- Transformative change: Environmental, social and technological trends are converging, leading to rapid, disruptive and transformative change. Leaders need to be ready to act
- COVID legacy: Organisations can harness innovative approaches taken during the pandemic to meet the challenges ahead, from experimentation in working practices to shifts in mindset
- Tipping point: Society has reached a tipping point on an appetite for environmental sustainability, while new technologies are also supercharging the pace of change.
As we recover from the COVID pandemic, environmental, social and technological trends are converging, leading to rapid, disruptive and transformative change, the likes of which we have not experienced for more than a generation, argues Simon Sear, CEO and founder of Studio 44. Leaders need to ensure that they and their organisation are ready to innovate and transform.
Sear said: “The COVID crisis will lead to a new period of rapid, transformative growth and prosperity just like the First World War led to the roaring twenties, the Second World War to the golden age of capitalism and the recession of the late 1970s to the expansive growth of the 1980s. Spring always follows winter.”
Combining with this natural economic cycle are major tailwinds, such as society’s demand for more progress on racial and gender equality, social mobility and mental wellbeing, Studio 44 argues. Governments and wider society have reached a tipping point on progress with environmental sustainability, while technologies including artificial intelligence (AI), hyper-automation and the Internet of Things (IoT) are supercharging change.
These converging trends will result in rapid, disruptive and transformative change, the likes of which we have not experienced for more than a generation.
Sear added: “Economists are predicting record growth and leaders need to ensure that their organisations are bold, more agile and quicker to change than at any time in history in order to deliver competitive performance in terms of cost efficiency, revenues and return on capital”
Studio 44 has identified ten key insights by working with leaders during the challenging times of COVID, ranging from experimentation to mindset, technology to organisational culture.
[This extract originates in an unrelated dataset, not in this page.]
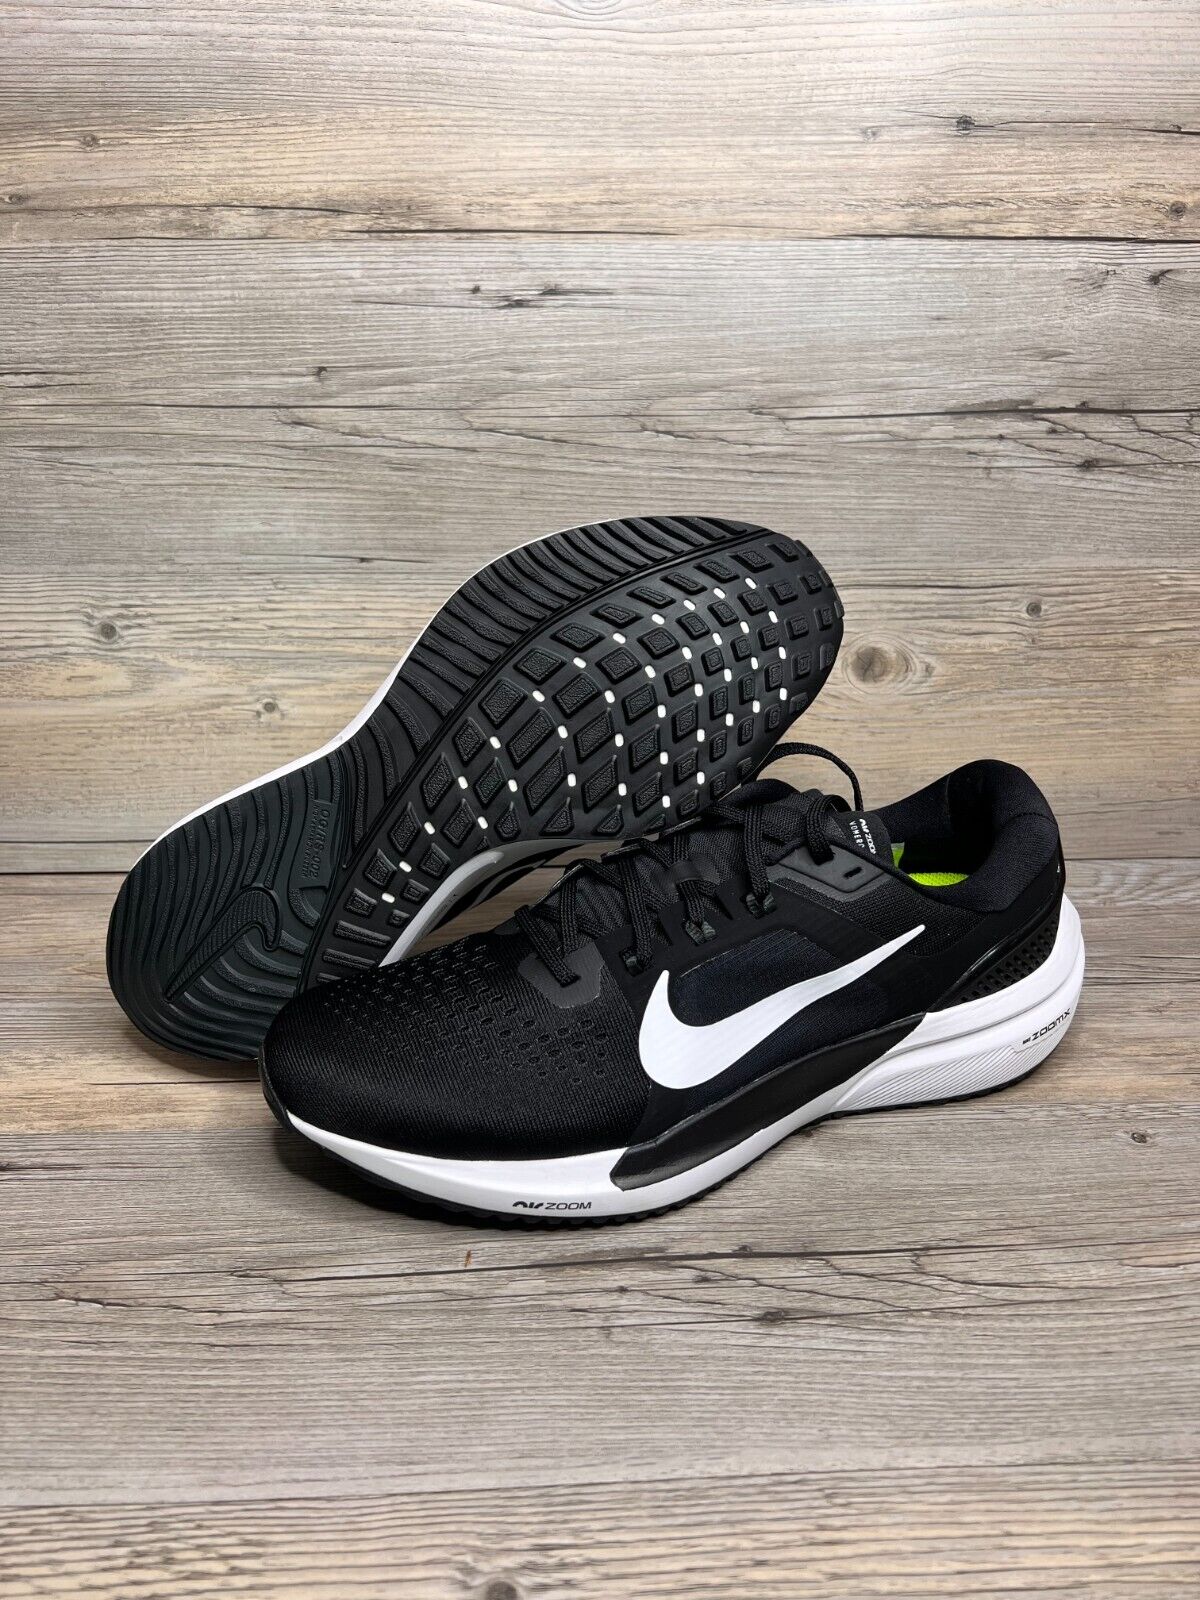 Nike Air Zoom Vomero 15 Mens Size 12 Black White CU1855 001 | eBay

Sear concluded: “The crisis has highlighted many insights into how leaders can prepare for this next phase of growth and the journey ahead. They are at a once in a generation inflection point, opportunity is coming, and they need to ensure that they and their organisation are ready to innovate and transform.”
Here is a summary of Studio 44’s top ten insights:
1. Create a common mission: Often, in non-crisis times, organisations pay lip service to their mission. It’s written down, but no one really buys it. If the crisis did one thing very well, it was to provide a focus.
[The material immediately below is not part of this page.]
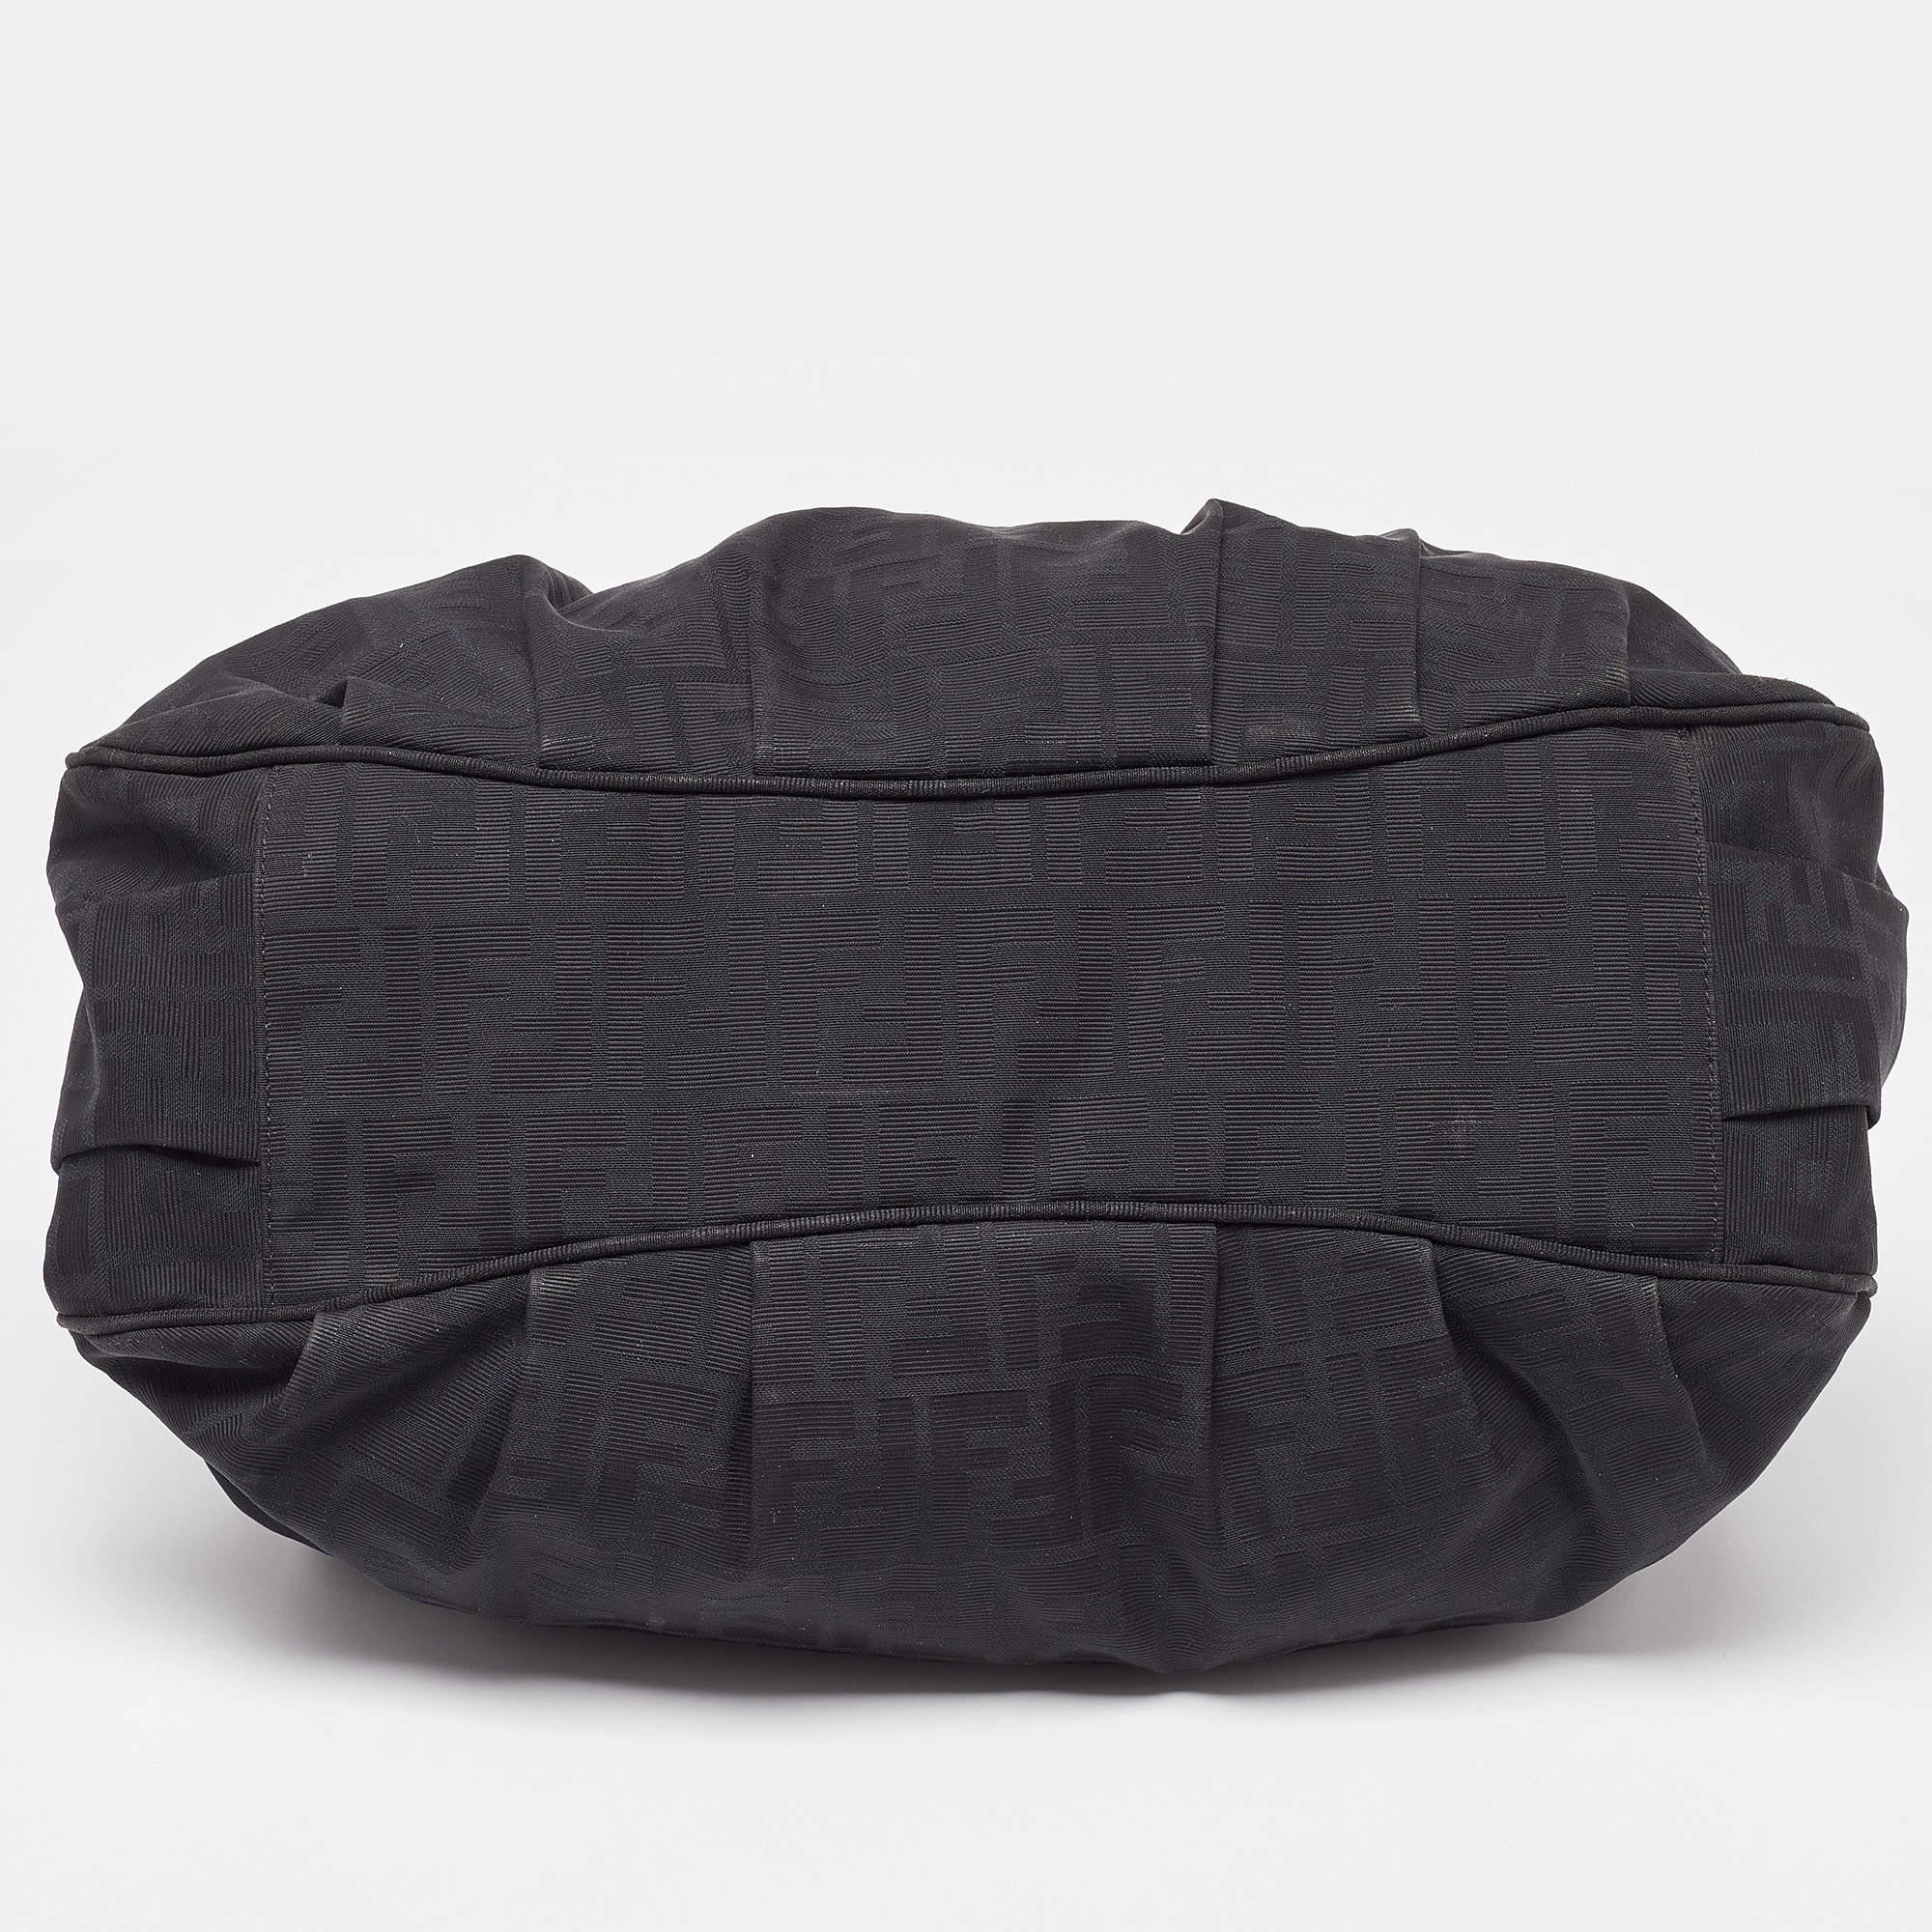 Fendi Black Zucca Canvas and Patent Leather Mia Shoulder Bag For Sale 1

2. The need for speed: The pace of change had been increasing, but the crisis supercharged this. Leaders need to focus their organisation on being able to respond quicker and with more agility than ever before.
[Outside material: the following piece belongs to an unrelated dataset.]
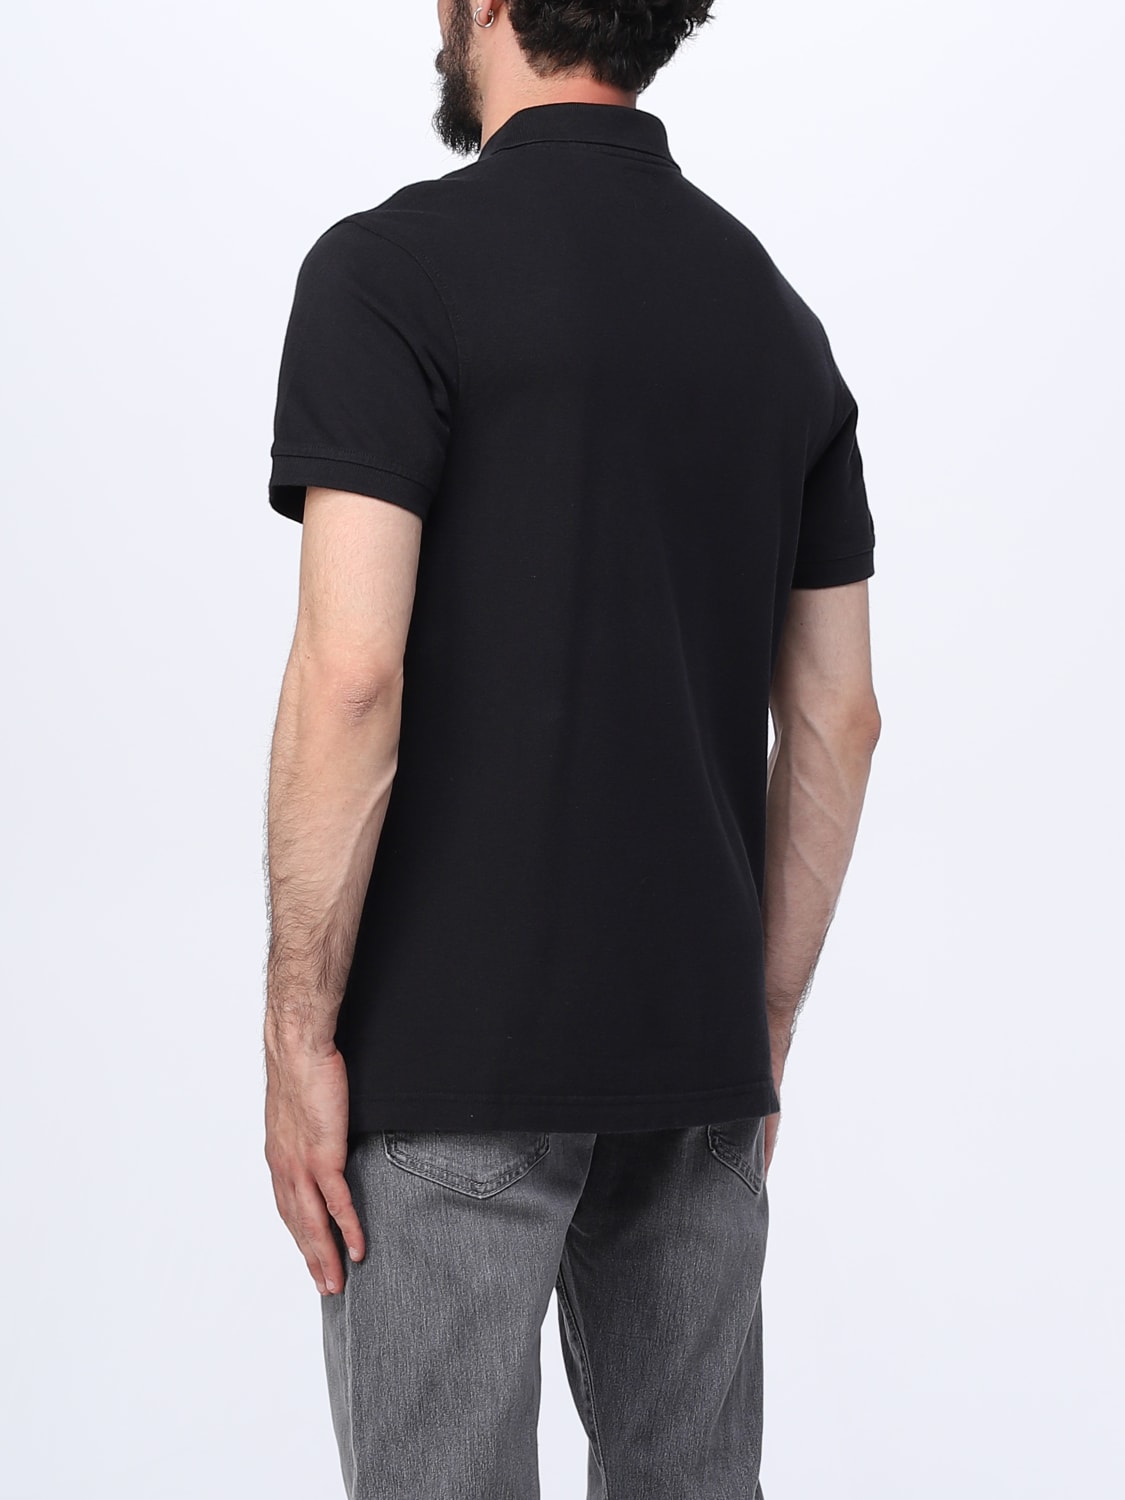 LEVI'S: polo shirt for man - Black | Levi's polo shirt 358830007 online ...

3. Change the corporate mindset: Many companies have long-held beliefs that limited their ability to respond and transform assumptions that need to be put in the bin.
4. Make bold investments: The successful businesses of the last 12 months were the ones that had historically invested in new ways of working and bold new propositions.
5. Experiment: In a decade that will be defined by rapid change and transformation, inexpensive, fast experimentation needs to be in the DNA of an organisation.
6. Allocate your best people to your best opportunities: The pace of change is becoming ever faster and the war for talent continues to heat up. Leaders need to balance the need for transparency and fairness with quickly getting the right people in the right roles to optimise the chances of an organisation’s success.
7. Teach more than new digital skills: In building on the successes of working from home and a period of change and disruption, it’s crucial to teach employees new cognitive strategies and behaviours to enable them to adapt.
8. Break the silos: During the COVID crisis innovative leaders gathered a multi-skilled team, incentivised them all for success in the same way and gave them the space to make it happen. Many leaders are now thinking about how they can maintain this kind of operating model and not return to older ways of working and the inefficiencies they create.
9. Keep communicating
The pace of disruption and uncertainty in the next decade means that people will often feel unsettled and will seek reassurance. These are the same needs team members faced during the COVID crisis.
10. Practice stakeholder capitalism
Leaders need to take a cooperative model into the next period of transformation. They need to take a long-term view, to have a strategy that not only ensures financial performance in the short term, but invests, and is seen to invest, in longer-term positive outcomes for all stakeholders.